Enterprise Ireland

State agency of the Department of Enterprise, Tourism and Employment overview
- Formed: 1998
- Jurisdiction: Ireland
- Headquarters: East Point Business Park, The Plaza, Dublin 3, D03 E5R6
- State agency of the Department of Enterprise, Tourism and Employment executives: Jennifer Melia, CEO; Jim Woulfe, Chairman;
- Key document: Industrial Development (Enterprise Ireland) Act, 1998;
- Website: Enterprise Ireland website

= Enterprise Ireland =

Irish state economic development agency

Enterprise Ireland is an Irish state economic development agency focused on helping Irish-owned business deliver new export sales. The aim of Enterprise Ireland is to help Irish enterprises to "start, grow, innovate and win export sales in global markets."

==History==
Enterprise Ireland was established by the Industrial Development (Enterprise Ireland) Act 1998, superseding two earlier bodies: Forbairt and An Bord Tráchtála.

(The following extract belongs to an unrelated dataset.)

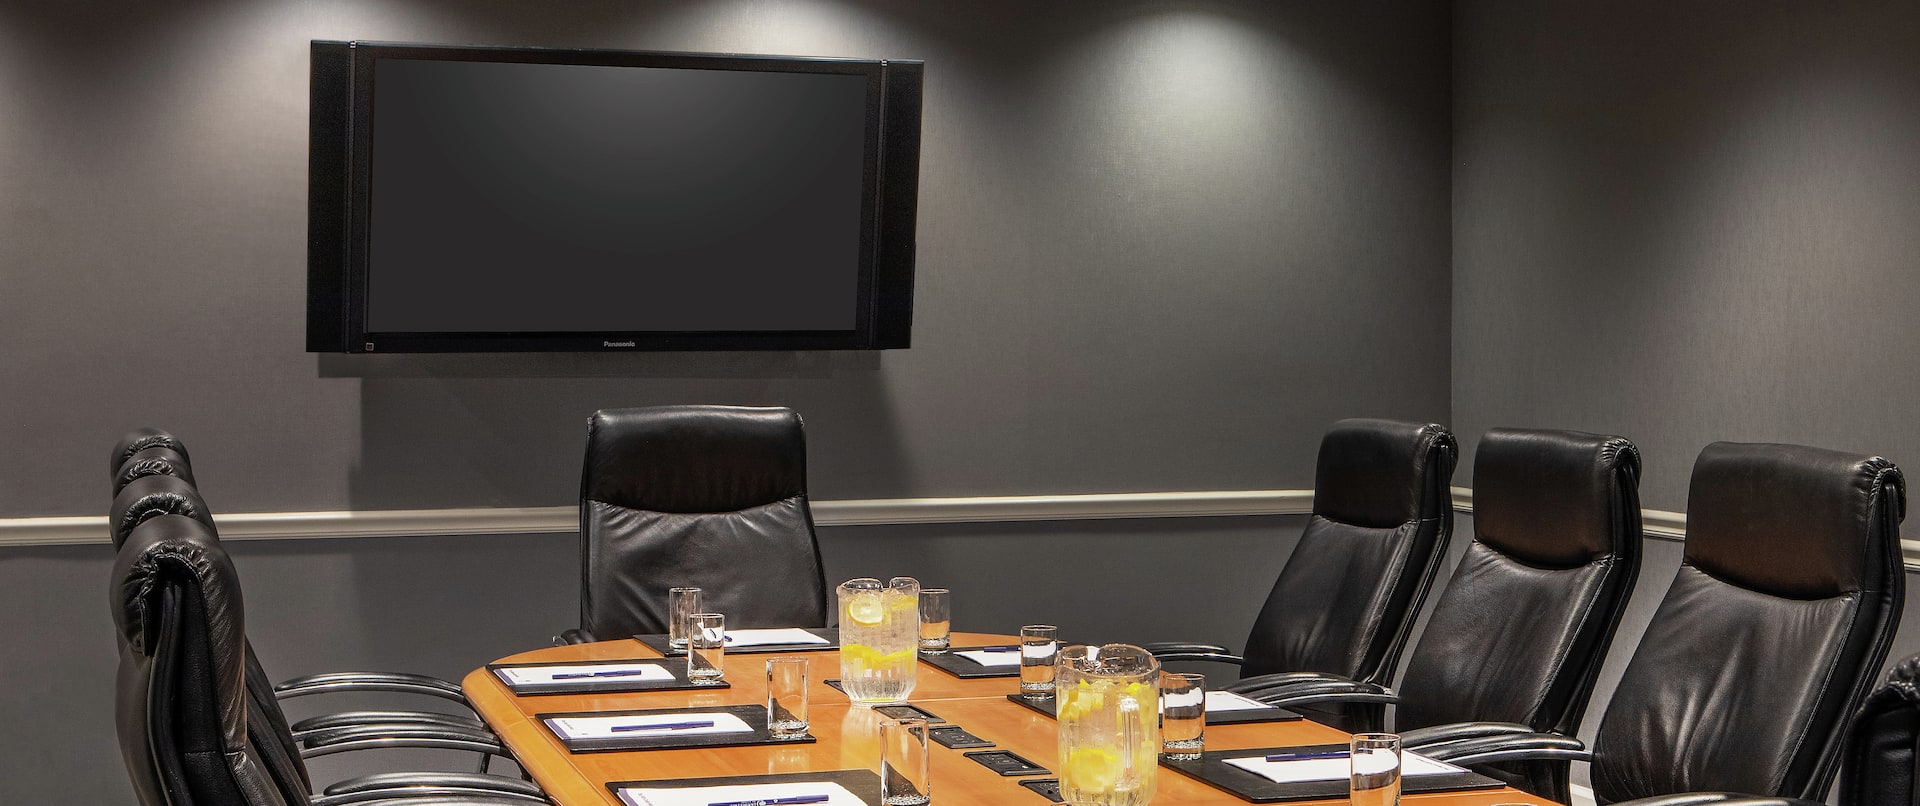 Our Howard Boardroom is Perfect for Productive Meetings to Re-Energize Your Team

Forbairt was established in 1993 as part of Forfás, to make industrial development grants, while An Bord Tráchtála was established in 1991 through the merger of the Irish Goods Council and Córas Tráchtala — a statutory body founded in 1959 to market Irish goods abroad — and successor of Córas Tráchtála Teoranta, founded in 1951. The Irish Goods Council was founded to market Irish goods in Ireland in 1974, originally within the National Development Association as the Working Group on the Promotion and Sale of Irish Goods; in 1978 it was spun out and merged with Vivian Murray's private National Development Council as a limited company.

==Local Enterprise Offices==
Enterprise Ireland operates 31 local enterprise offices at city and county level to support local entrepreneurs.
Internationally, Enterprise Ireland operates 40 in-market offices across the world to support the growth of Irish exports.